As supper progressed Chummy felt slightly better. Always the company of friends lifted her spirits and from time to time a reassuring hand squeezed her knee and she had to suppress a smile. He always had the most appropriate ways of distracting her from her troubles and, although going home to an empty flat did not worry her, she much preferred that she could reach out in the middle of the night and find the solidity of his form.

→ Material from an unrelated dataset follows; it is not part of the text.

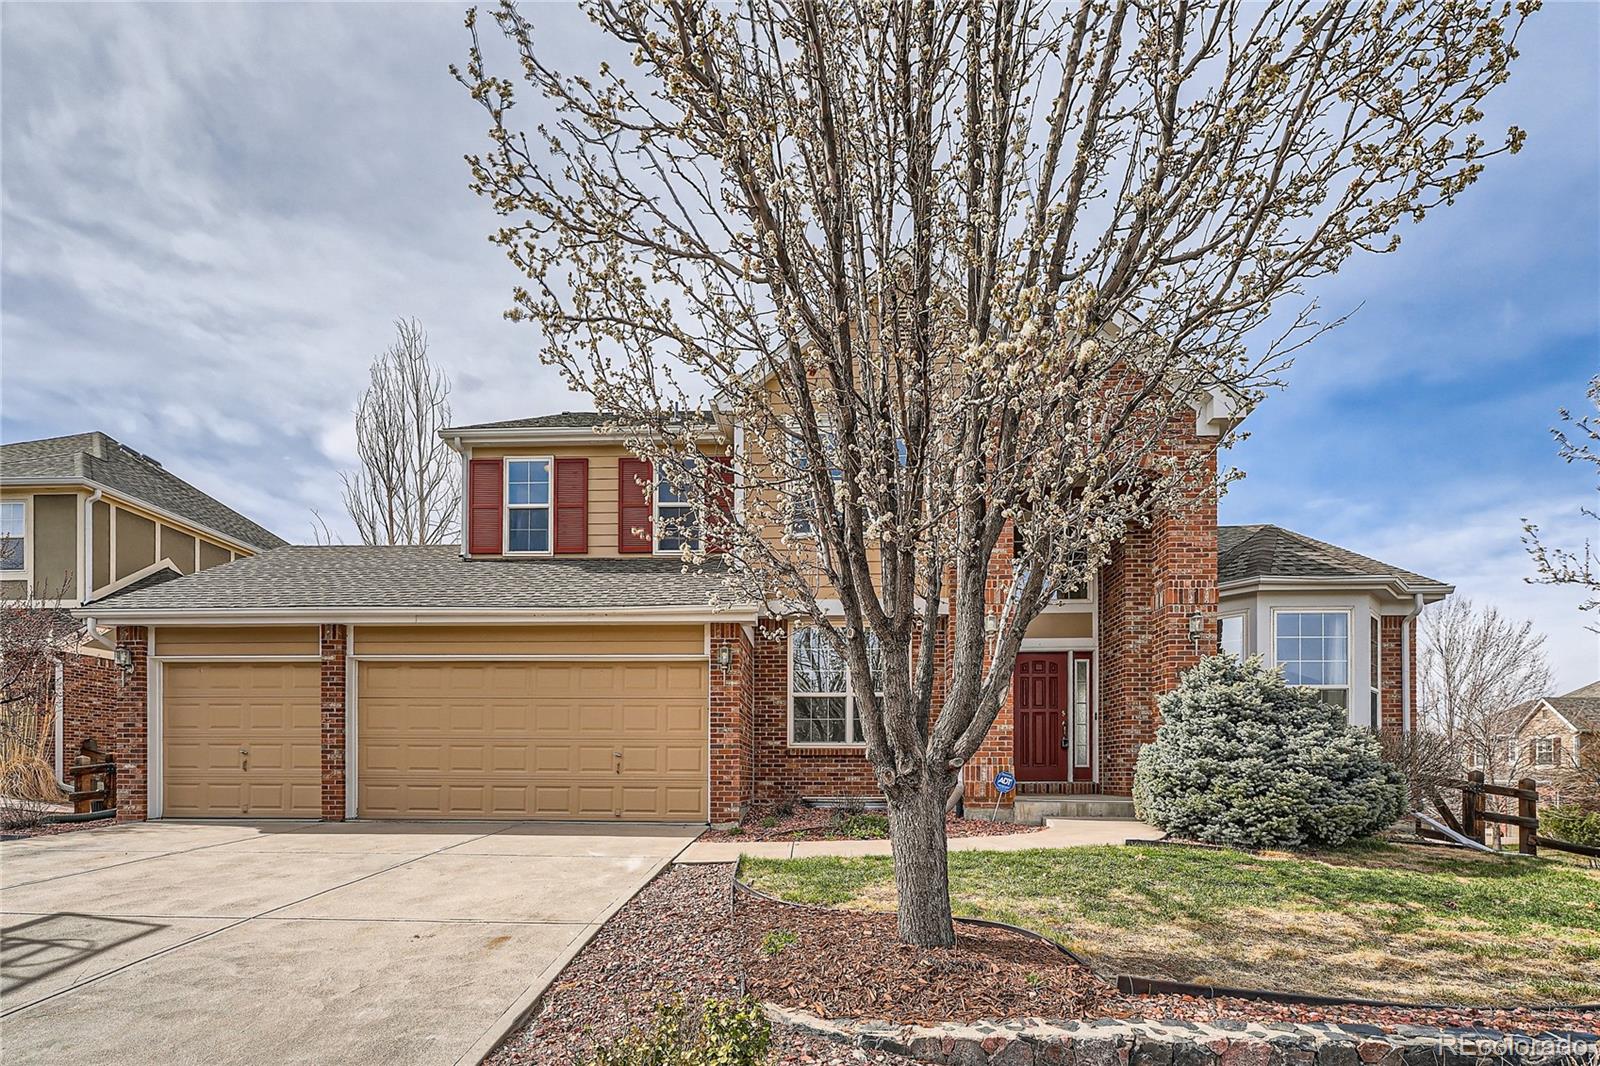 18241 e peakview place, aurora sold home. Closed on 2024-05-06 for $820,000.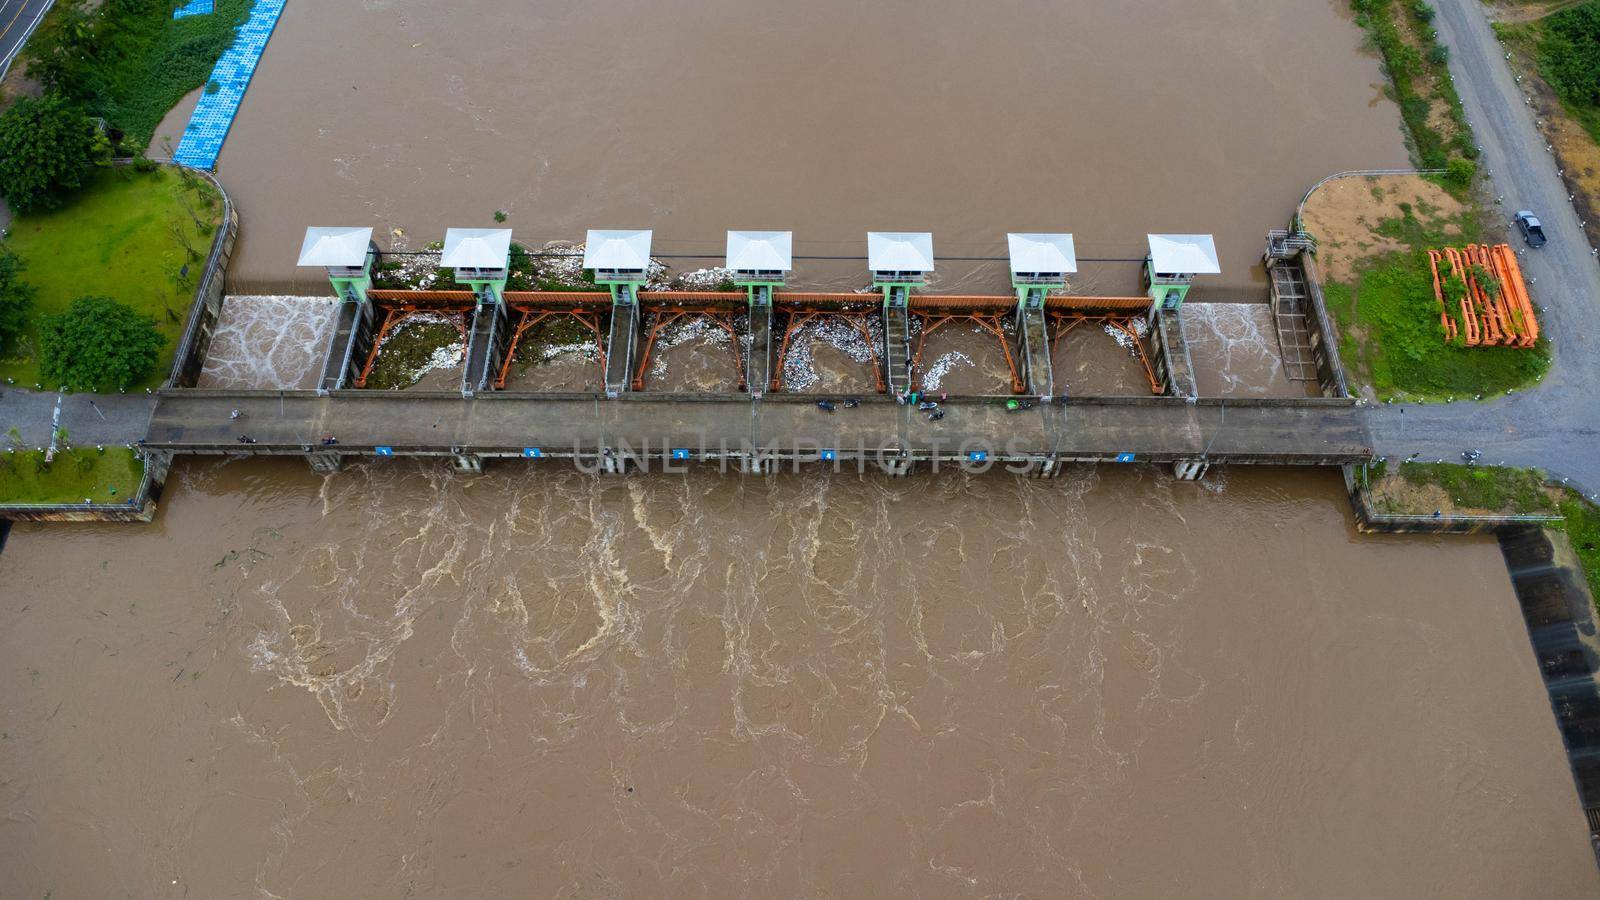 Aerial view of the water released from the concrete dam's drainage channel as the overflow in the rainy season. Top view of turbid brown forest water flows from a dam in rural northern Thailand. by TEERASAK

There were some days though when she simply did not know what to think about the prospect of her mother's visit. She had hoped and prayed, and prayed and hoped, that it could not be worse than last time; that dreadful fear when she almost sacrificed the one person who – now – she knew could love her for the rest of her life. The realisation that she was capable of being loved was such a revelation and the one thing that she was determined to do this time was not let Mater touch the bond that she and her husband had forged in these last few weeks. Bob's letter however had only sought to infiltrate what sensibilities she had and the prospect remained somewhat alarming.

As she kissed Peter goodbye and closed the door behind him as he walked into the night to start his shift, her eyes filled with unwanted and unbidden tears. There were these occasions where she simply had this overwhelming, desperate need to push herself under the covers and just cry.

She hoped her tears would dry before he returned in the morning.